Anyway, she wrote a book  about how they came to be when he was a pupper.        Even if you are not interested in the book, his videos are great





*


----------



## Right Now (Dec 17, 2022)

It sounds like you enjoy it, but I don't watch it at all.  I don't do much YouTube.
Still, it's nice you let others know what is out there to entertain us.


----------



## Marie5656 (Dec 17, 2022)

Right Now said:


> It sounds like you enjoy it, but I don't watch it at all.  I don't do much YouTube.
> Still, it's nice you let others know what is out there to entertain us.


*I like that we, here, have varied interests. Which makes this place fun*


----------



## Disgustedman (Dec 17, 2022)

I've watched off and on. I am well aware his bff is Sherpa. What I fear, is his owners reaction when he passes. I pray it's not like the owner of the Talking Cat Sylvester when Gibson died unexpectedly.


----------



## Marie5656 (Dec 17, 2022)

Disgustedman said:


> I've watched off and on. I am well aware his bff is Sherpa. What I fear, is his owbers reaction when he passes. I pray it's not like the owner of the Talking Cat Sylvester when Gibson died unexpectedly.


Yes....I was sad for Sylvester when Steve died.  Sylvester lost the man who gave words to his thoughts.

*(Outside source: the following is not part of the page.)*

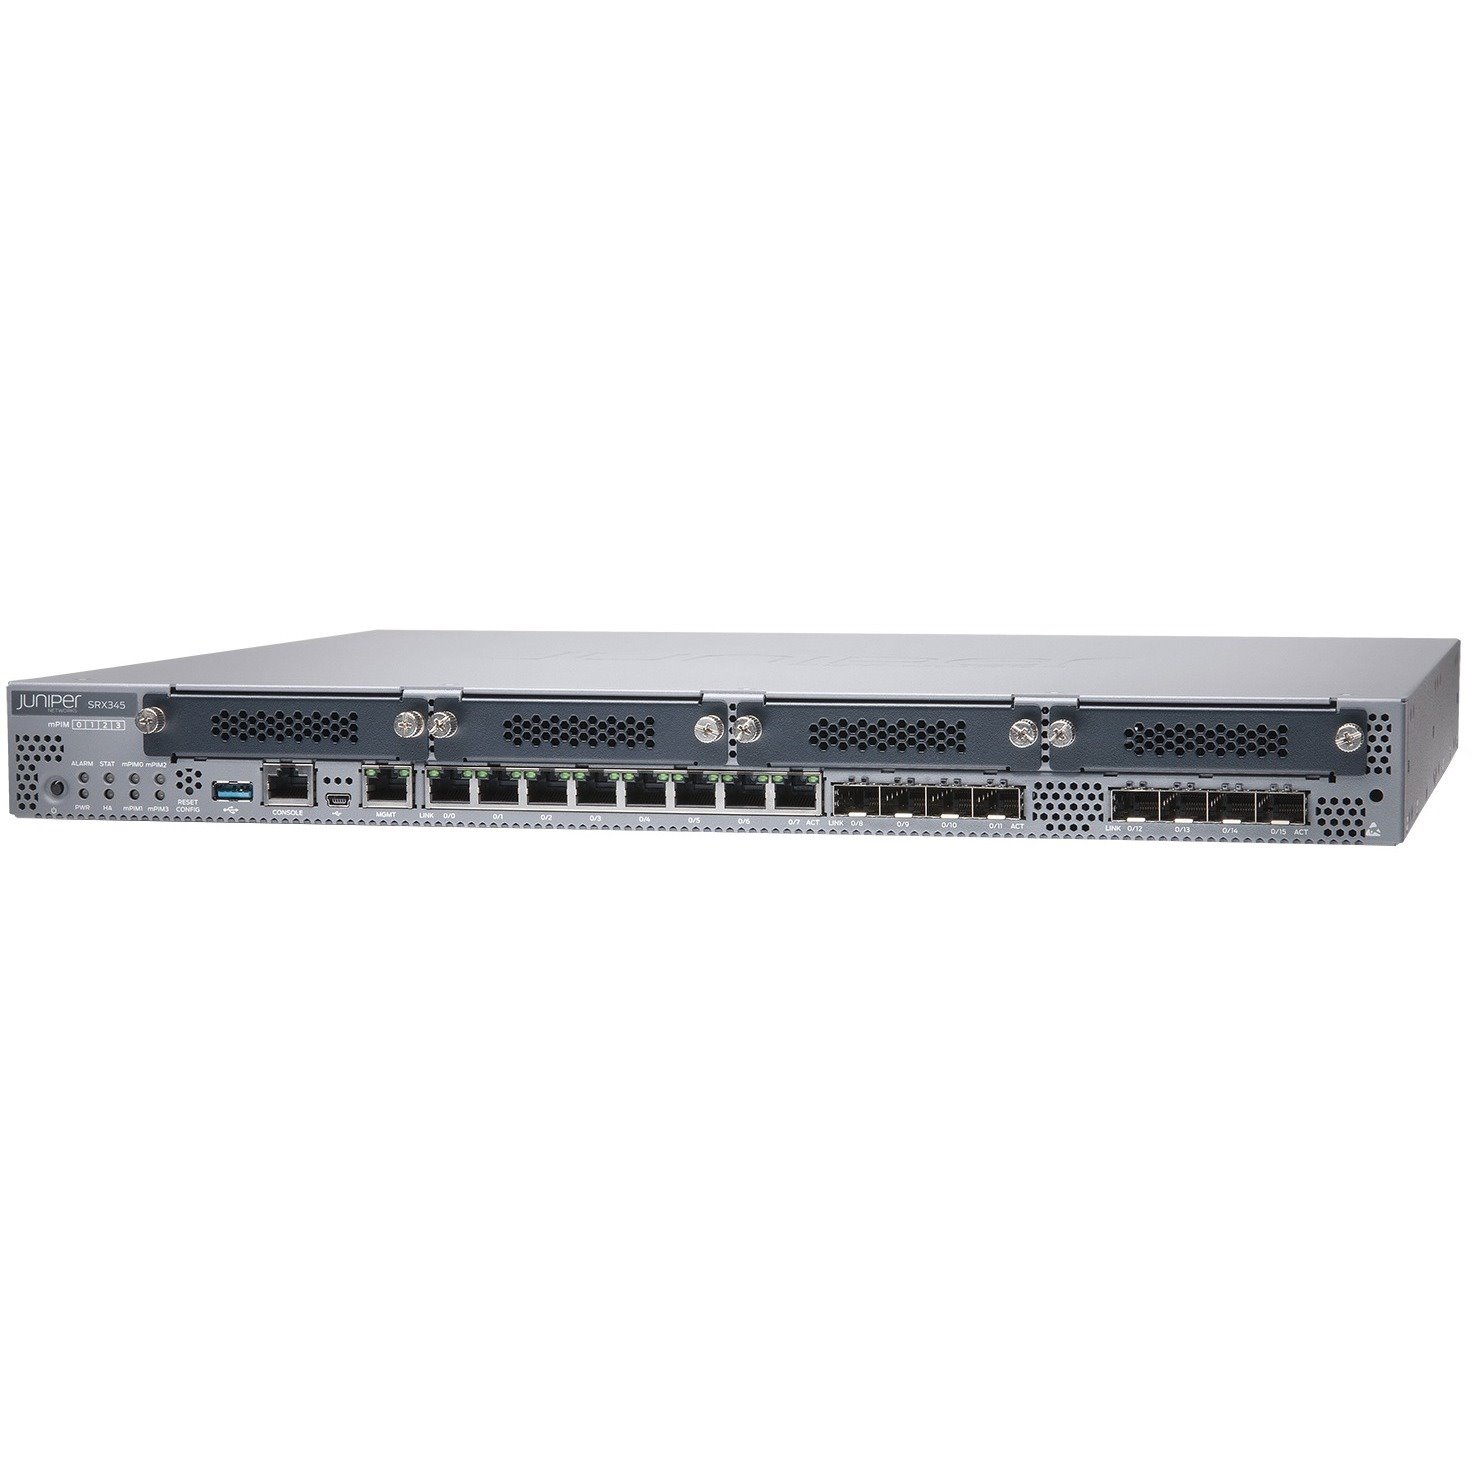 Juniper SRX SRX345 Router - TAA Compliant

All Steves furry family is with him now.  I know Steve was sad, and I hope being reunited with his animals is good. 
Right...Key and Sherpas owners will be sad.  I worry for the day Key loses the bisket giver


----------



## HoneyNut (Dec 17, 2022)

I only learned about what happened with Steve last month.  So sad.  I really liked Sylvester Talking Kitty videos.  Haven't watched the Husky videos (except one from the link just now).  For a while I was watching some youtube videos of a dog that talks with buttons, but I haven't for awhile, but still watch a cat that talks with buttons.


----------



## Marie5656 (Dec 18, 2022)

HoneyNut said:


> I only learned about what happened with Steve last month.  So sad.  I really liked Sylvester Talking Kitty videos.  Haven't watched the Husky videos (except one from the link just now).  For a while I was watching some youtube videos of a dog that talks with buttons, but I haven't for awhile, but still watch a cat that talks with buttons.


I love Billi.  Do you watch Russell the cat?


----------